Death squads have also been responsible for many deaths in Iraq's main southern city of Basra, a British officer told AFP.
Major Alex Wilson said more than 140 killings had been carried out between November and January, many by "men masquerading as Iraqi policemen or members of the former Department of Internal Affairs of the interior ministry."
He added that this was double the number killed between May and November.
"We are doing our best to counter the death squads. We want to take them off the street," he said.
Those killed are believed to include tribal chiefs, members of minority communities and even criminals like oil smugglers.
He said "many of these killings can be called de-Baathification assassinations," a reference to reprisals against members of Saddam Hussein's former ruling Baath party.
Sunni Arab organisations have repeatedly accused rogue elements within the security forces of arresting and killing Sunnis who provide the backbone to the ongoing insurgency.
A spokesman for the Committee of Muslim Scholars, one of the main Sunni Arab organisations, told AFP the death squad discovery was not an isolated incident.
"It's not just one death squad. There are many," said the spokesman who declined to be named because of fear for his life.
"In the northern Baghdad district of Hurriyah alone, some 70 young men from our community have been killed by these units, and the overall toll figure is likely to be more than 1,000 and includes 20 imams (religious leaders)," the spokesman said.
The committee has repeatedly denounced such crimes and called on the United Nations to investigate the allegations, he said.
A US diplomat said that respect for human rights remained a top issue of concern for Washington.
"Human rights is at the top of our list when we engage with Iraqis at all levels, particularly with ministries associated with security," he said.
US Ambassador Zalmay Khalilzad said in an article published Sunday by the Los Angeles Times that the new Iraqi government, currently being formed after December general elections, needed to inspire the confidence of all sections of the Iraqi community.

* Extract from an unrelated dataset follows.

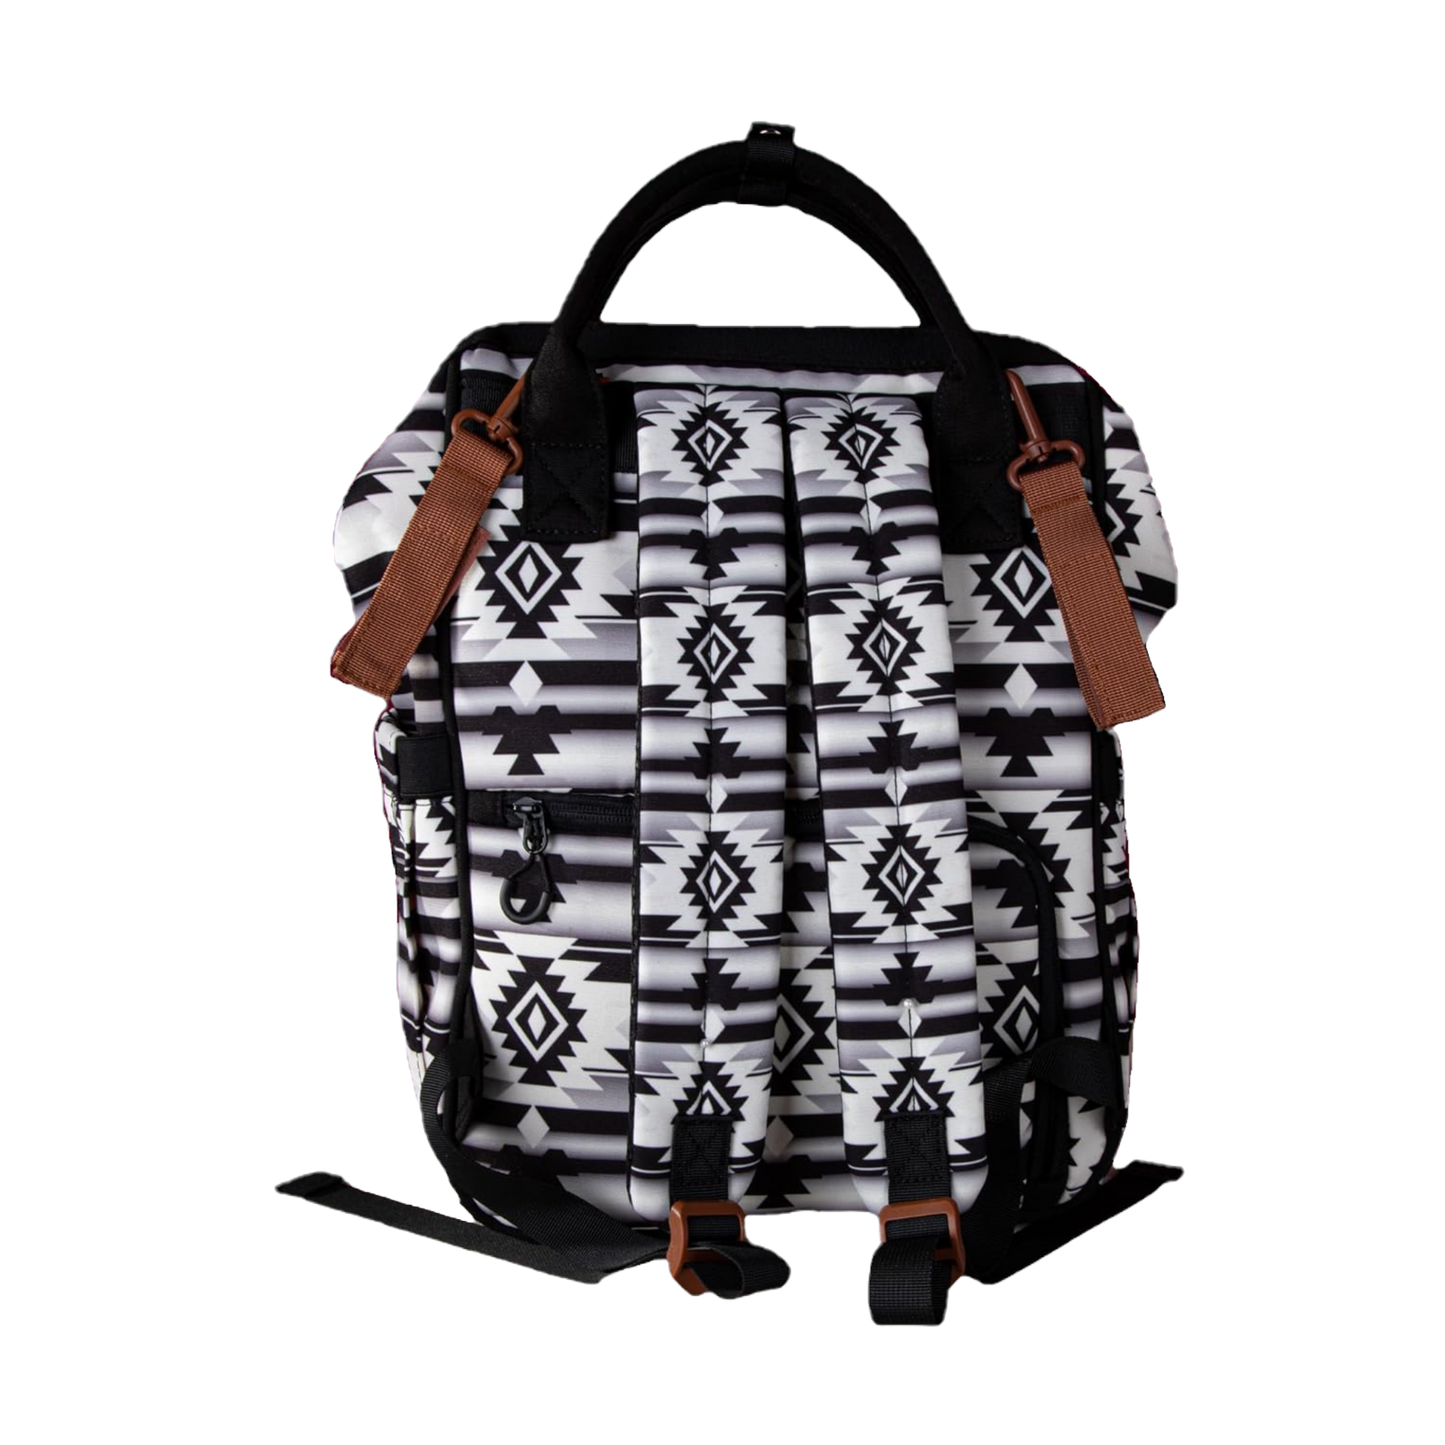 Wrangler Allover Aztec Printed Black & White Backpack WG2204-9110BK

"Elected leaders need to govern from the centre, not the ideological extremes.
"This is particularly true in the security area, where the new government must continue increasing the capability of Iraqi security forces while ensuring that defense and interior ministry officials are chosen on the basis of competence, not ethnic or sectarian background," the ambassador said.
He also pointed to the need for the government to start demobilizing factional militias set up by different groups across the country.
Major General Peterson suggested that the policemen arrested owed their allegiance to the Badr Organisation, a militia loyal to the Shiite Supreme Council for the Islamic Revolution in Iraq.
"There is no denying that there are militia forces present in Iraq ... Some of those militia forces have indeed integrated with the Iraqi security forces and that's what happened in that incident," US spokesman Major General Rick Lynch told reporters Thursday.
The discovery of the alleged death squad came by chance when the policemen, who had been stopped at an Iraqi army checkpoint, readily admitted they were taking a prisoner away to shoot him, Major General Peterson said.
In an interview with AFP last month, Mr Peterson had said the interior
ministry was taking action to address problems of abuse.
"The minister has fired four brigade commanders in the special police
because of the amount of reports of abuse occurring in their units," he said.